Polystyrene is everywhere: your daily serving of yoghurt comes in a polystyrene container, and those disposable knives and forks are made of it too. So is the foam packaging that surrounded your new computer, or that foam cup that holds your coffee.

As useful as polystyrene is, it is also an environmental hazard. Although it is recyclable, much of it still ends up in landfills. It is highly resistant to photolysis (breakdown by sunlight), and at the moment, we’re not certain what microorganisms might feed on polystyrene to break it down. Thus, all that plastic we are dumping in the garbage may be around for hundreds, if not thousands of years.
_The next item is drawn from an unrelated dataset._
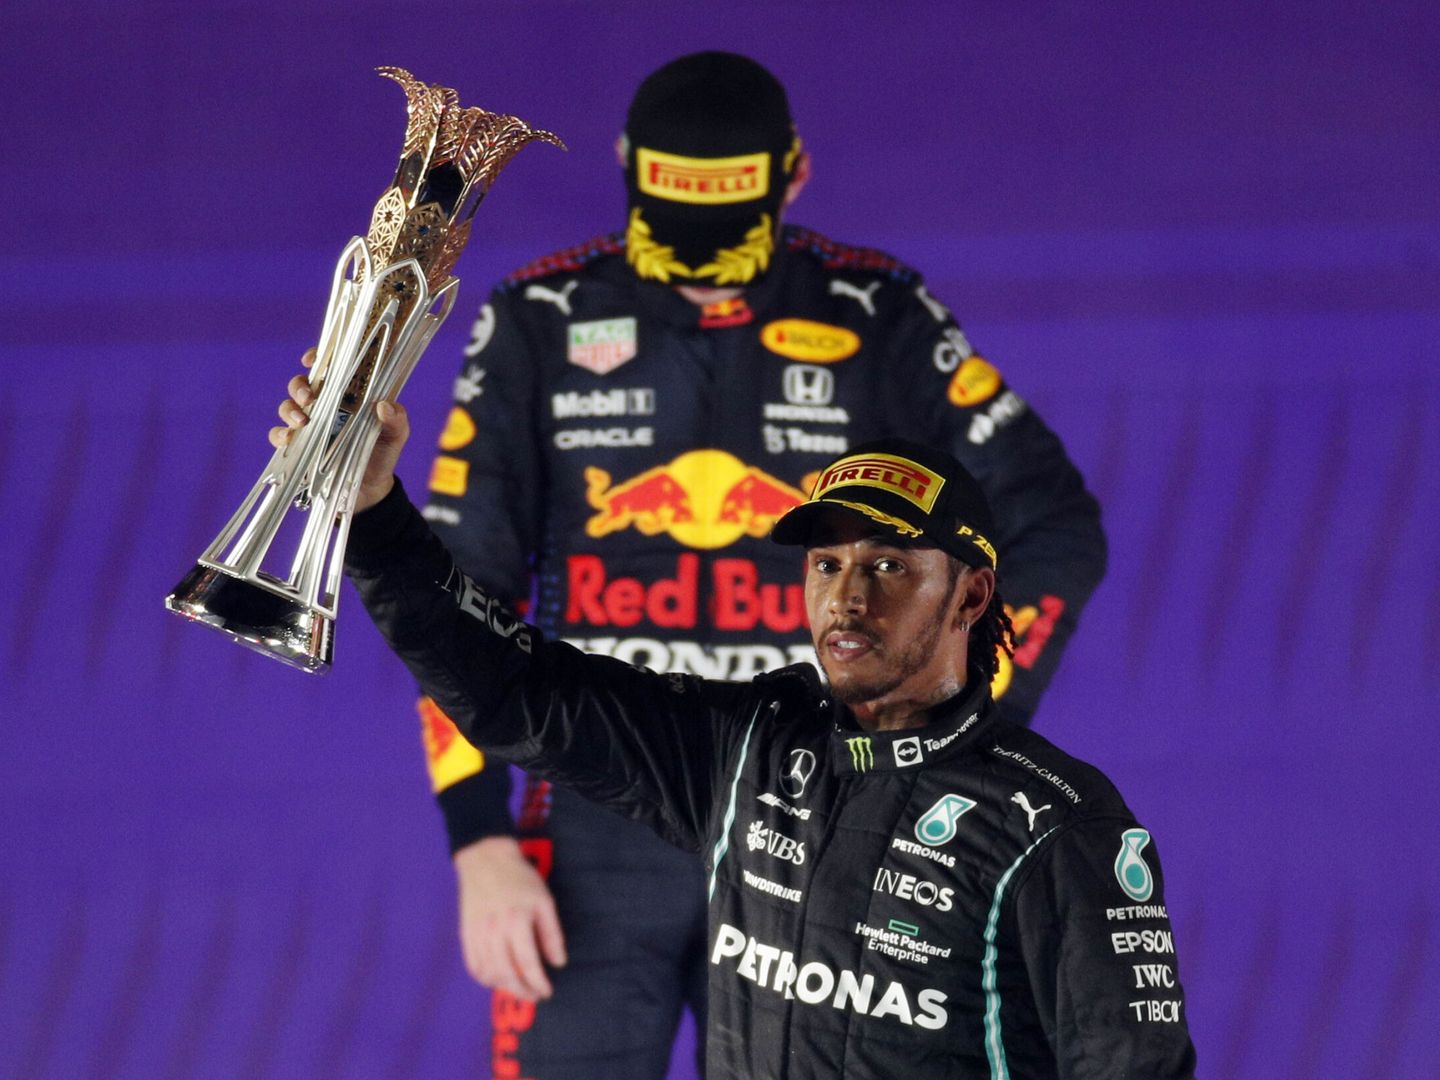 El antagonismo entre los partidarios y detractores de Lewis Hamilton y Max Verstappen crece cada carrera. (Reuters/Andrej Isakovic)

A team at the University of Leicester wants to change that. They’ve developed a project to investigate what microorganisms might be interested in nibbling on these plastics, and they need your help. All you need is a shovel and a calendar.

After you buy a sampling kit from the team (for just £2.50), you’ll get a package in the mail that contains a strip of expanded polystyrene in a self-seal bag, an experiment protocol, a risk-assessment form and a stamped, addressed envelope for returning the samples. You’ll be asked to bury the strip in your back yard for a certain amount of time, and then dig it up and send it back for analysis.

The team will then culture the bacteria growing on the sample, and attempt to identify the species. Participants whose strips harbour the most polystyrene-eaters will be invited to be authors on the paper reporting the team’s findings.

The citizen science project is part of a larger effort that represents Leicester’s entry into the International Genetically Engineered Machine (iGEM) annual competition.